GDPR (General Data Protection Regulation)

The General Data Protection Regulation (GDPR) is EU legislation which updates privacy law across Europe. It aims to keep people’s personal information safer and to give people more say on how their information is used.

What is personal information?

By personal information, we mean any data that could identify you as a living individual.  This could include anything from your email address to a photograph, location data on your phone to a medical record.

GDPR came into effect on 25 May 2018 and so you will start to see some changes in how we handle your calls and queries so that we comply with the new rules and make sure you understand what we are doing with your personal information.

We’ve always taken our responsibilities about how we use and secure your personal information seriously. These new regulations build on what we already do and introduce some new processes that make it easier for you to learn about what we do with your information. It will mean that you have more rights about how your information is used.

You can also find a wealth of GDPR information on the Information Commissioner’s Office website.

What are your rights?

The General Data Protection Regulation provides a number of rights for individuals. These are:

You have a right to be informed about the collection of your personal data and how it will be used.

This will include why your personal data is being used, how long it will be kept for and who it will be shared with.

This is called privacy information and must be supplied to you.​

You have the right to access any personal data an organisation holds on you.

Once requested this data needs to be provided to you within a month.​

​You have a right to have any inaccurate personal data corrected if it is inaccurate.

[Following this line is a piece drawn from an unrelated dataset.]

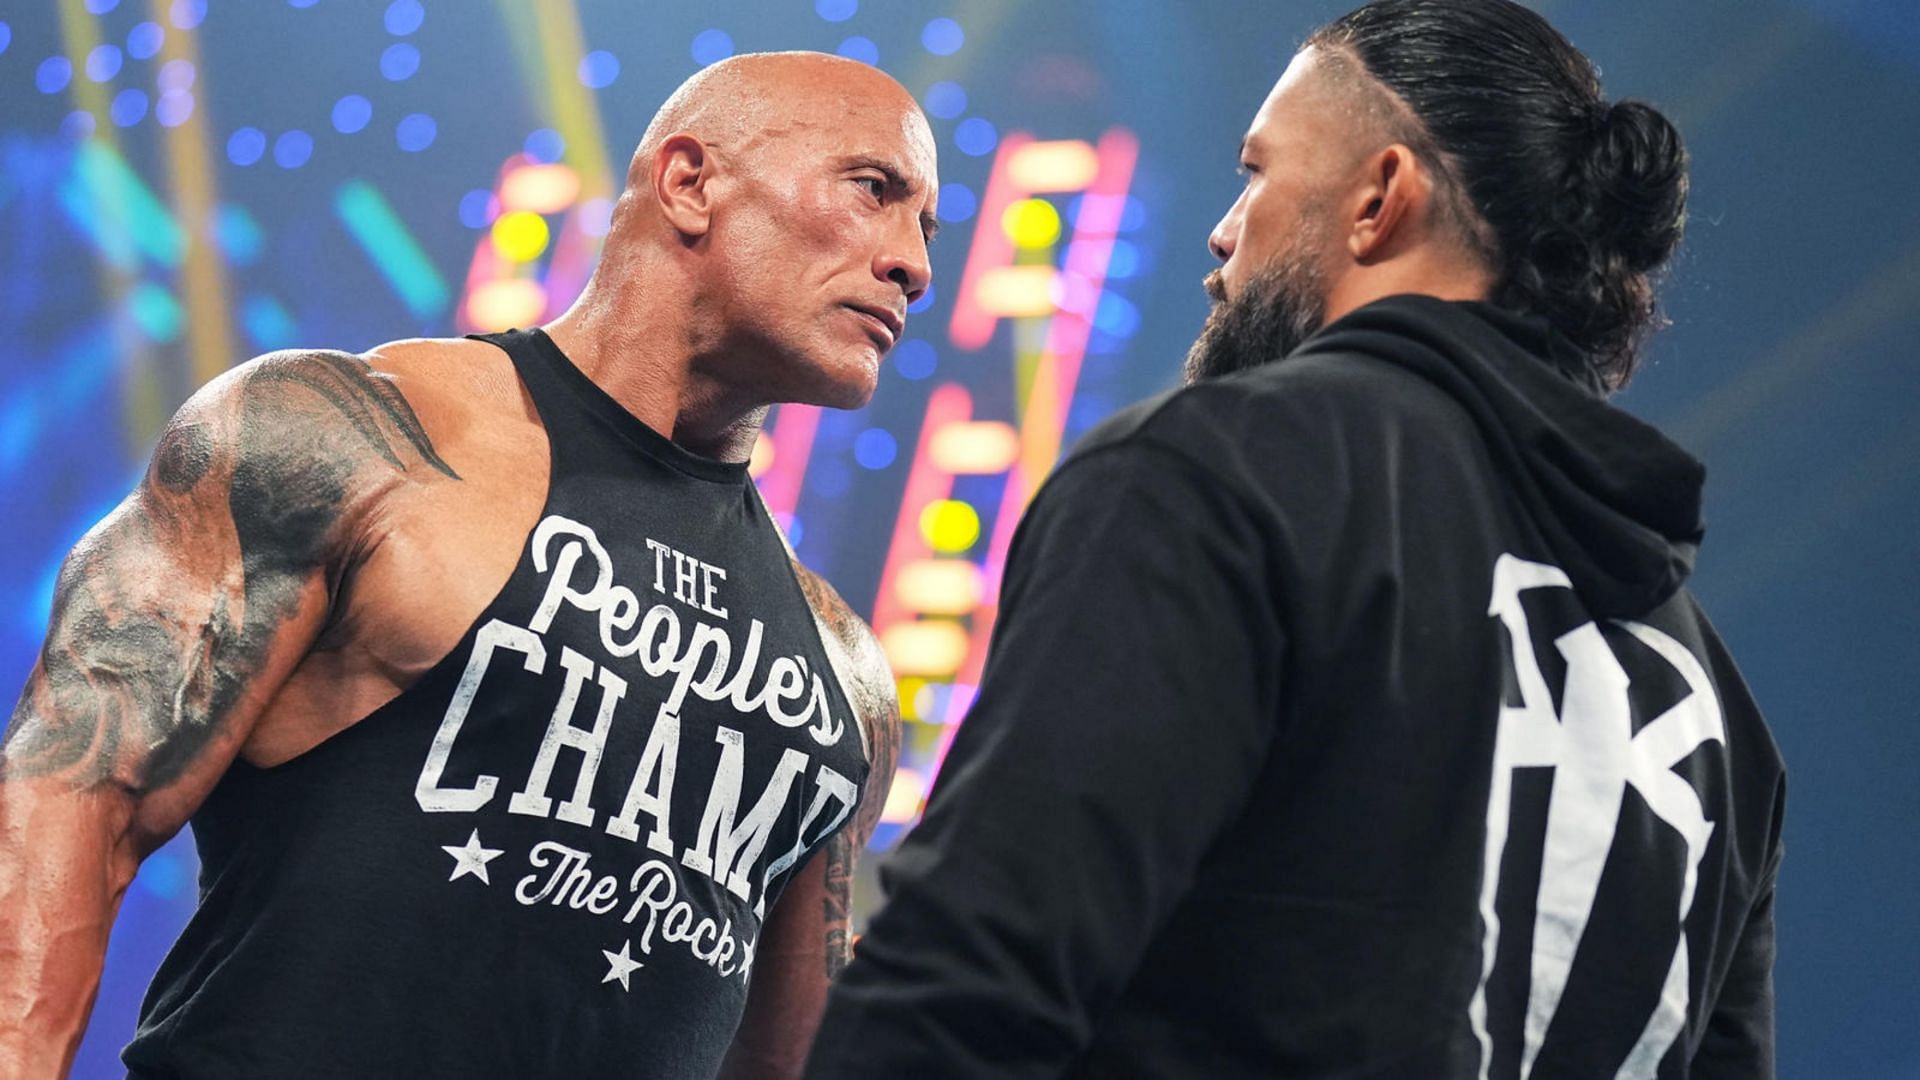 The Rock and Roman Reigns face-to-face

You can make this request both verbally or in writing and any such request must be responded to within one month. 

In certain circumstances you can be refused such a request.

To make a request please use the Personal data enquiry form.

You can find out more about your rights on the ICO website.

​Under this right you can make a request to have the personal data an organisation holds on you erased.

You can make this request either verbally or in writing and any organisation must respond within a month.

This right is not absolute and only applies in certain circumstances.

To make a request please use the Personal data enquiry form. 

You can find out more about your rights on the ICO website.

​You have a right to request the restriction or suppression of personal data.

You can make this request verbally or in writing and you must be responded to within a month.

This means that while organisations can continue to hold your data they cannot use it.

This right is not absolute and only applies in certain circumstances.

To make a request please use the Personal data enquiry form.

Find out more about your rights on the ICO website.

This right allows you to get your own data from an organisation and then use this for your own purposes.

This means you can move, copy or transfer personal data easily from one IT system to another.

This could help you access services which can then use this data to help find you a better deal or price for something.

You can make this request verbally or in writing and you must be responded to within a month.​

To make a request please use the Personal data enquiry form.

You have the right to object to the processing of data based on your interests, for use in direct marketing and for the purposes of scientific and historical research and statistics.

Organisations have one month to respond to any objection you raise.​

To make an request please use the Personal data enquiry form.

You can find out more about your rights on the ICO website.

​The new regulations give you rights around your data when dealing with automated decision making.

This might mean when you are inputting details online and where decisions are made based on those details without human involvement. 

This also includes the profiling of your data – for example, where websites suggest things you might be interested in based on items you’ve previously viewed.